Record set:
= Beginning of Section =
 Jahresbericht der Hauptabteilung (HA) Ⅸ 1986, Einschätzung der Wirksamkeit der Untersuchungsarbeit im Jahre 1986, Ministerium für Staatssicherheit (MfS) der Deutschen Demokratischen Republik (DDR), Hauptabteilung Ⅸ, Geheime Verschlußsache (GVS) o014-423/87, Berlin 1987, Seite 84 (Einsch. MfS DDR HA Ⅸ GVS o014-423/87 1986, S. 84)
= End of Section =
= Beginning of Section =
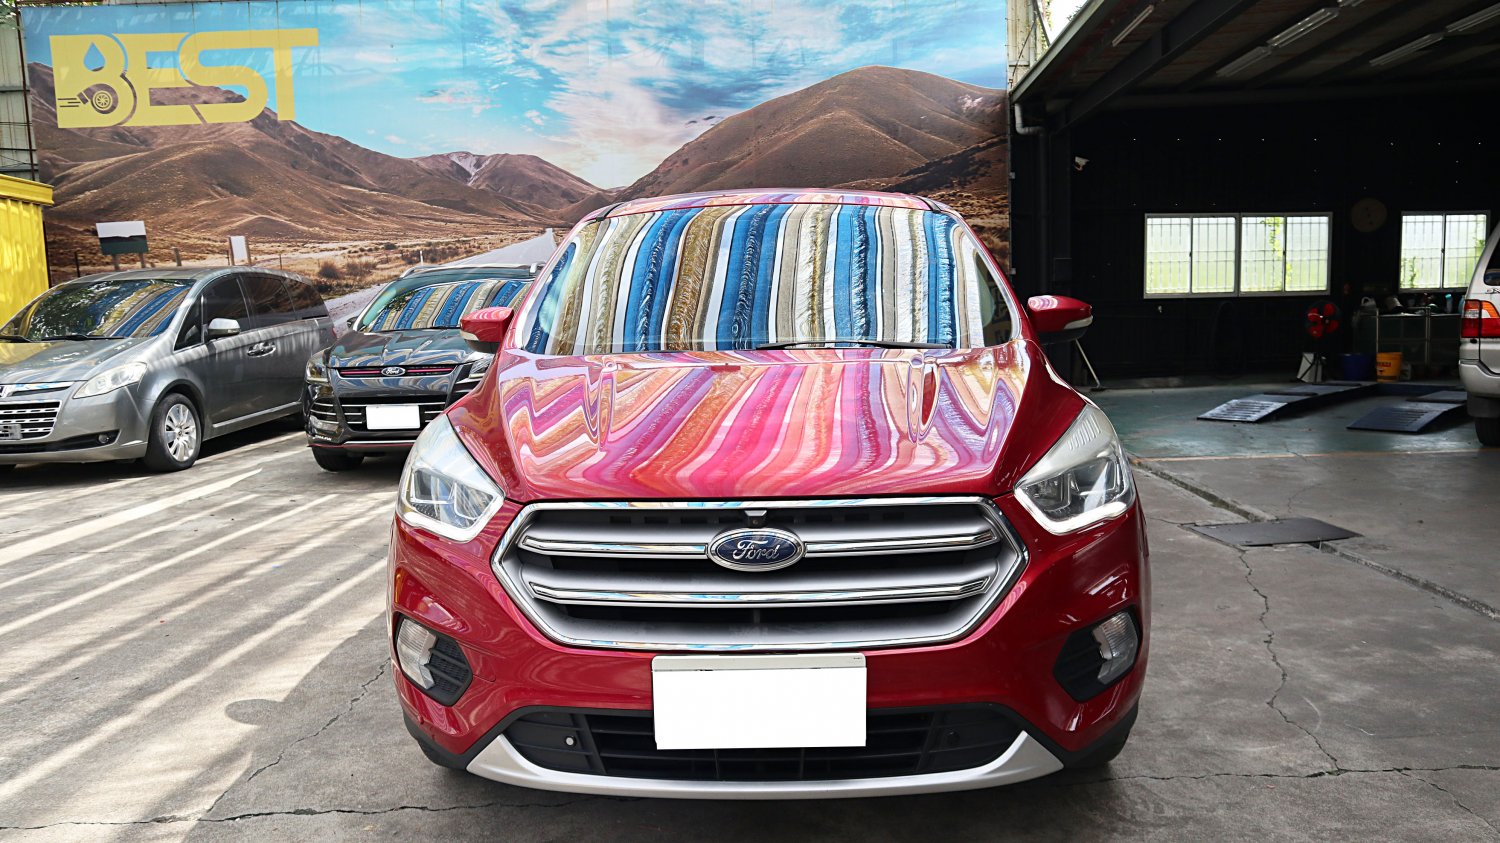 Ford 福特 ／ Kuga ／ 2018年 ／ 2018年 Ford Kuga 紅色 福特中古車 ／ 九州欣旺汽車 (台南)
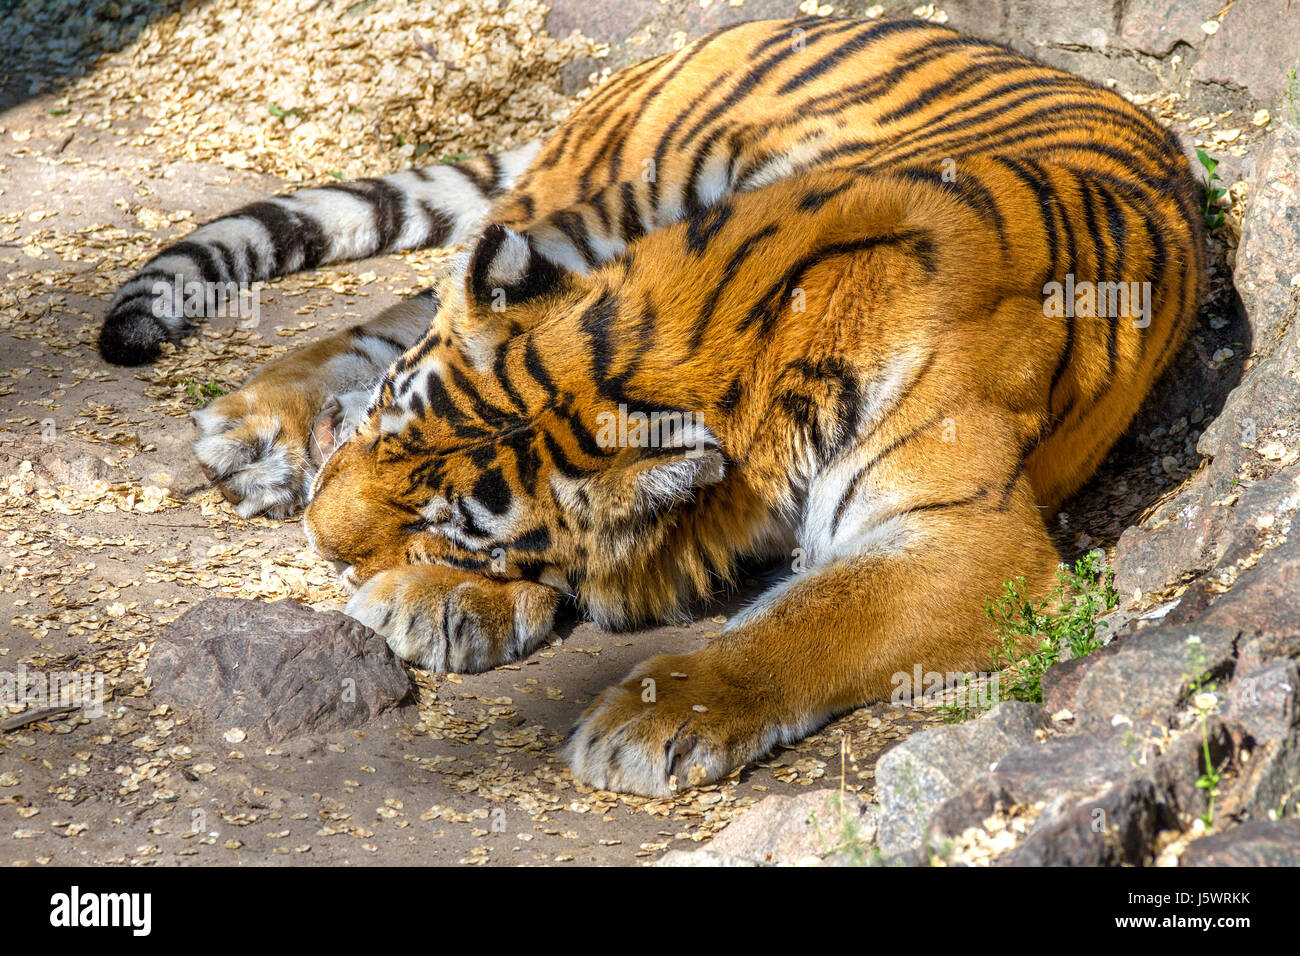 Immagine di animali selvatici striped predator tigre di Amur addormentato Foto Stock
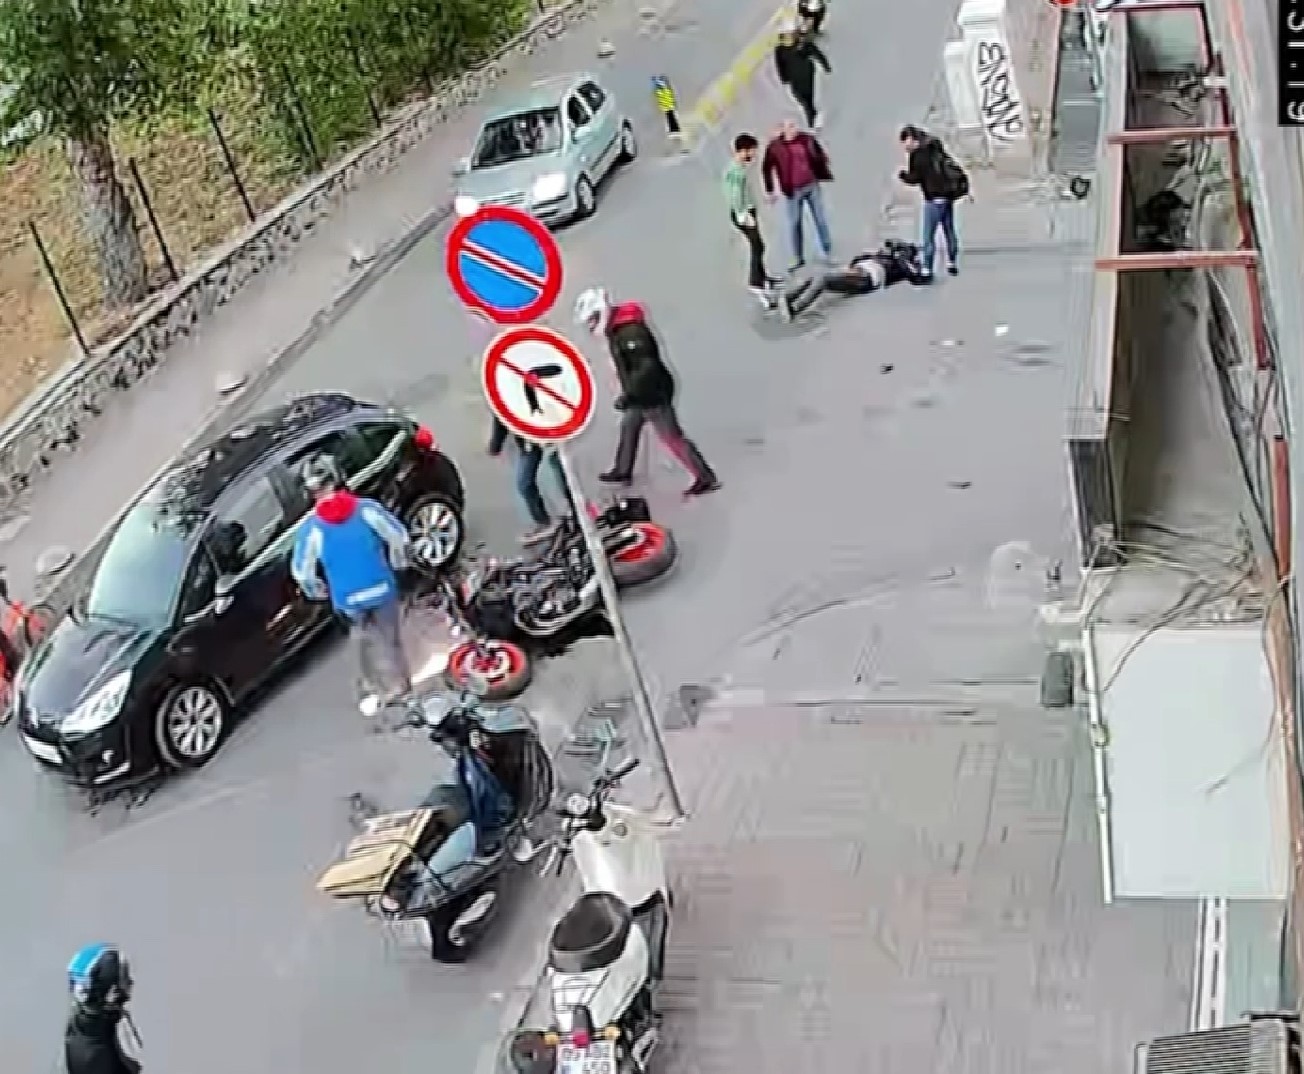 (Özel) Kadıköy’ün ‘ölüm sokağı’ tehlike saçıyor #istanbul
= End of Section =
The task:
Given the listing above, retype only the span of lines from the line with "Immagine di animali" up to and including the line with "(Özel) Kadıköy’ün ‘ölüm", exactly as it stands and without pictures.

Solution to the problem:
 Immagine di animali selvatici striped predator tigre di Amur addormentato Foto Stock
 (Özel) Kadıköy’ün ‘ölüm sokağı’ tehlike saçıyor #istanbul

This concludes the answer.